Furthermore, Co-Defendants argue that the Court should not invoke collateral estoppel,
on the grounds that Co-Defendants were not parties in the underlying administrative case.
Specifically, Co-Defendants maintain that if they are precluded from relitigating the issue of
whether Defendant Newsom used excessive force, this would necessarily impact the claim
against Co-Defendants for their alleged failure to intervene. I agree.
“Courts have held that a police officer has a duty to take reasonable steps to protect a
victim from another officer's use of excessive force, even if the excessive force is employed by a
superior.” Smith v. Mensinger, 293 F.3d 641, 650 (3d Cir. 2002). A police officer is liable for
failure to intervene under § 1983 if the Plaintiff demonstrates that: (1) the officer had reason to
know that excessive force was being used; and (2) the officer had a realistic opportunity to
intervene. See id. at 650. To that end, where a plaintiff is unable to establish a claim for
excessive force, he cannot establish a claim for failure to intervene. Lora-Pena v. Denney, 760
F. Supp. 2d 458, 468 (D. Del. 2011) (“[B]y definition, if there was no excessive force then there
can be no failure to intervene.”) (quoting Abdullahi v. City of Madison, 423 F.3d 763, 767–68
(7th Cir. 2005)).
Issue preclusion is inappropriate in this case because the party against whom preclusion
is asserted is not simply Newsom, but also Co-Defendants, who were not parties in the
administrative action, or in privity with a party to the administrative action. To that end, while
Plaintiff moves for summary judgment on the basis of collateral estoppel against Defendant
Newsom in this case, it is clear that the application of issue preclusion would adversely impact
Co-Defendants. Indeed, Plaintiff seeks to preclude relitigation of the factual circumstances
surrounding the alleged altercation between Plaintiff and Defendant Newsom, as well as on the
ultimate issue of excessive force. By invoking collateral estoppel, Co-Defendants would be
estopped from contesting the issue of whether force was used by Defendant Newsom; this
determination is necessary to Plaintiff’s prima facie case for failure to intervene. Moreover, the
fact that Co-Defendants share an interest with Defendant Newsom with respect to the excessive
force claim does not establish privity for the purposes of issue preclusion. See Matter of Estate
of Dawson, 136 N.J. 1, 22 (1994) (“That the parties may have similar interest in the outcome of
the litigation . . . does not of itself establish privity of interest for purpose of issue preclusion.”)
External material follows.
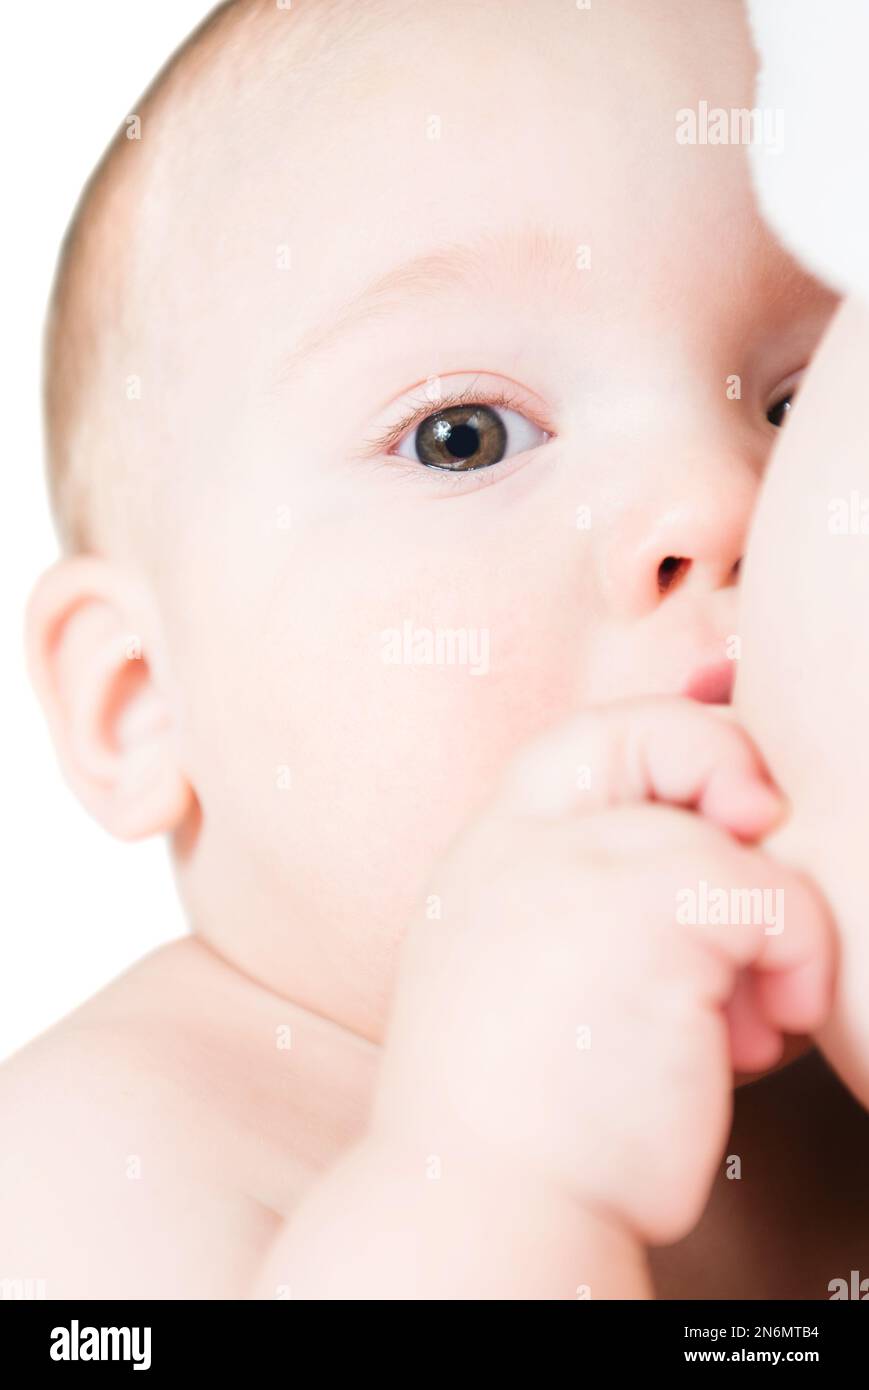 Little baby boy breast feeding, isolated on white background Stock Photo

(quoting Stegmeier v. St. Elizabeth Hosp., 239 N.J. Super. 475, 487 (App. Div. 1990)).
Accordingly, because Co-Defendants were not parties to the underlying action, the Court finds
that collateral estoppel is not warranted in this case. 11
For the foregoing reasons, the Court finds collateral estoppel is not applicable in this case,
and thus, Plaintiff’s Motion for Summary Judgment is DENIED.
Dated: May 2, 2017
/s/ Freda L. Wolfson
Hon. Freda L. Wolfson
United States District Judge
Finally, even assuming that the elements of collateral estoppel are satisfied in this case –
which they are not – the Court finds that the equities weigh against invoking collateral estoppel.
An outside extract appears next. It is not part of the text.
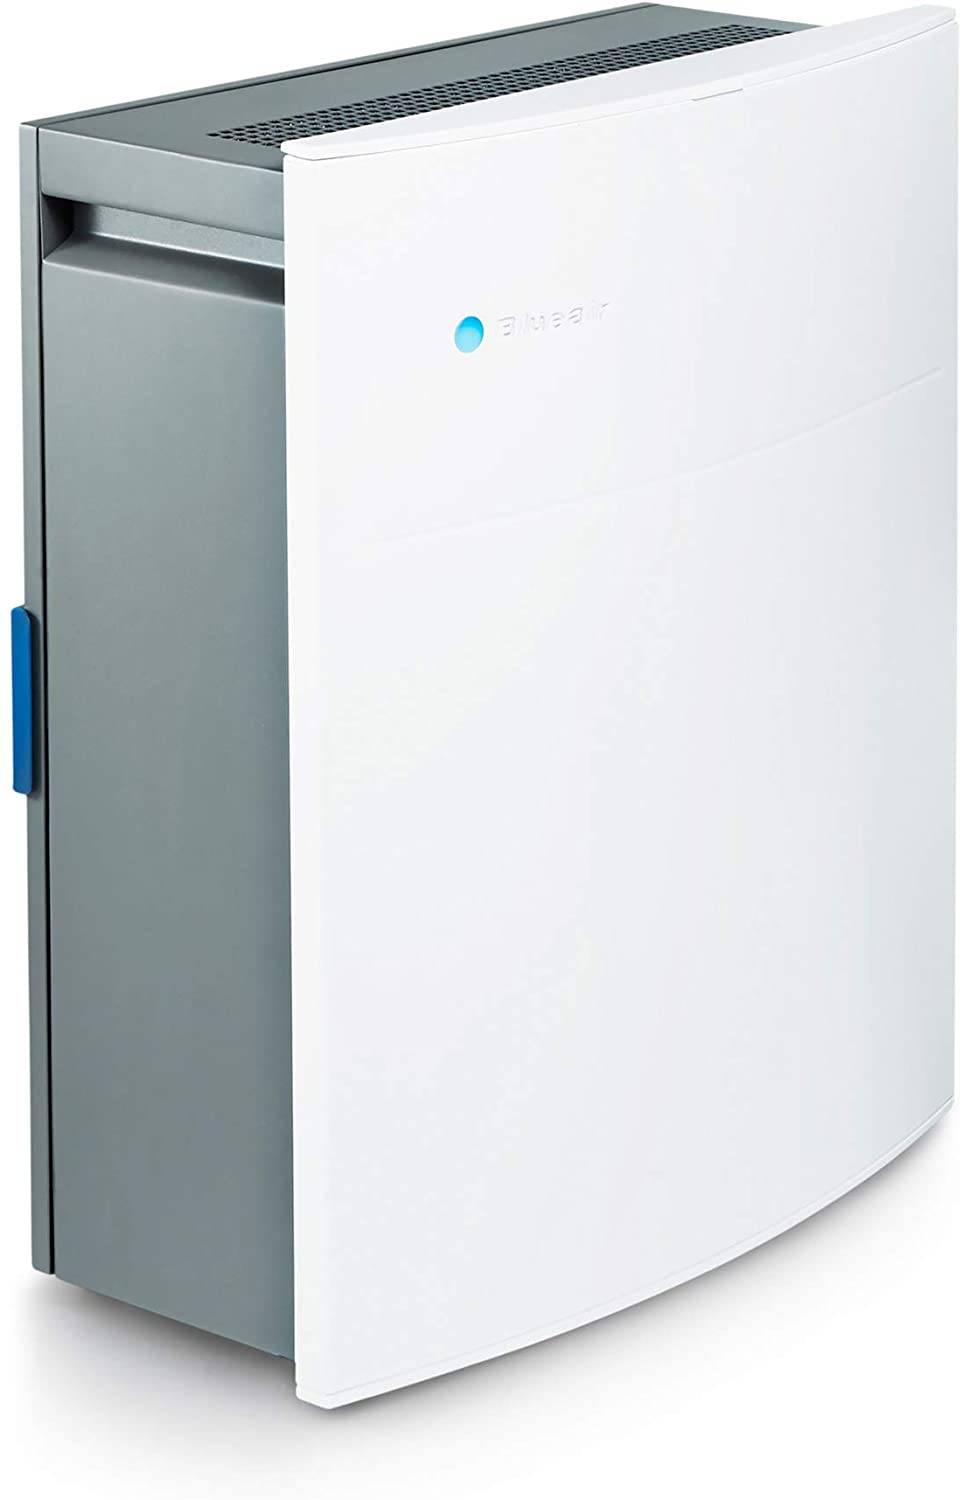 Blueair Classic 205 Air Purifier - HEPA Air Filters for the Home

Under New Jersey law, even where the five elements necessary to invoke collateral estoppel are
established, “the court retains discretion to grant or deny preclusion.” Mann v. Estate of Meyers,
61 F. Supp. 3d 508, 518 (D.N.J. 2014). Indeed, as I explained above, where a party attempts to
invoke non-mutual collateral estoppel, courts are particularly concerned with reviewing whether
the application of collateral estoppel would be unfair. See Raytech Corp., 54 F.3d at 195 (“The
Supreme Court has granted district courts ‘broad discretion’ to determine when a plaintiff who
has met the requisites for the application of collateral estoppel may employ that doctrine
offensively.”). Without engaging in a more extensive recitation of the equitable reasons against
applying collateral estoppel, the Court finds that it would be unfair to invoke collateral estoppel
in this case for the reasons already expressed in this Opinion.